The DOR shows the power of discrimination of the criteria. A value of 1 means the criteria do not discriminate between patients and controls, while higher values indicate better discrimination. DOR is evenly influenced by sensitivity and specificity. The problem with the DOR is that a high sensitivity can mask a dangerous lack of specificity, and vice et versa, especially when the value is between 99 and 100 %. The DOR decreased in the majority of criteria in the absence of the pathergy test, with the largest loss shown by the Curth criteria (1,850), ICBD (1,049), and Classification Tree (850). On the contrary, the DOR improved by 516 with the Dilsen criteria, by 420 with the ISG criteria, and by 191 with the Dilsen revised criteria.

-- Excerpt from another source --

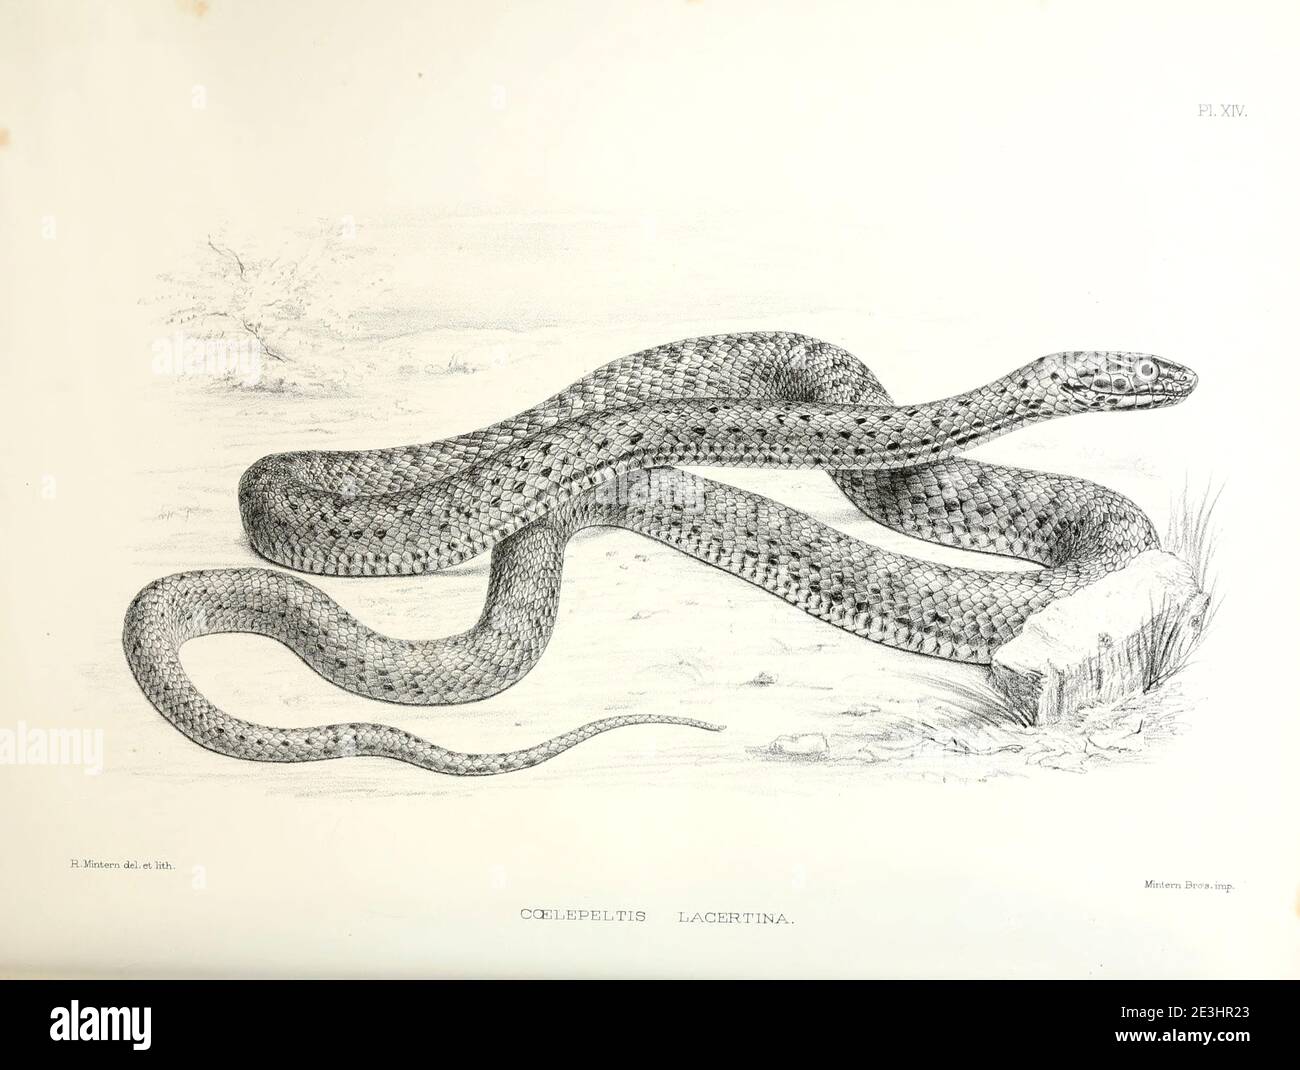 Malpolon monspessulanus [Here as Coelopeltis lacertina], commonly known as the Montpellier snake, is a species of mildly venomous rear-fanged colubrids. From the survey of western Palestine. The fauna and flora of Palestine by Tristram, H. B. (Henry Baker), 1822-1906 Published by The Committee of the Palestine Exploration Fund, London, 1884 Stock Photo

Youden’s index is a simple calculation combining the results of sensitivity and specificity to show the precision or accuracy of the test. Sensitivity and specificity equally influence the Youden index. The results can vary from zero to one, with the latter being the most precise. In our study, the Youden index of all sets of criteria decreased when the pathergy test results were disregarded, but especially the Hubault and Hamza criteria (0.45), the ISG criteria (0.15), and the Dilsen revised criteria (0.15). The least impaired criteria were the ICBD (0.05) and the Classification (0.07). The Cheng and Zhang criteria did not change as expected, and the Curth criteria improved by 0.01.

Conclusion

The pathergy test is the only paraclinical test that is available for diagnosing BD. Without it, the sensitivity of the majority of sets of classification/diagnosis criteria decrease by 1.9 to 35 %. On the contrary, the specificity improves by 0.1–4.7 %. Overall, the sets of criteria show a loss of performance (accuracy), demonstrating that this parameter is necessary to improve the power of existing classification/diagnosis criteria.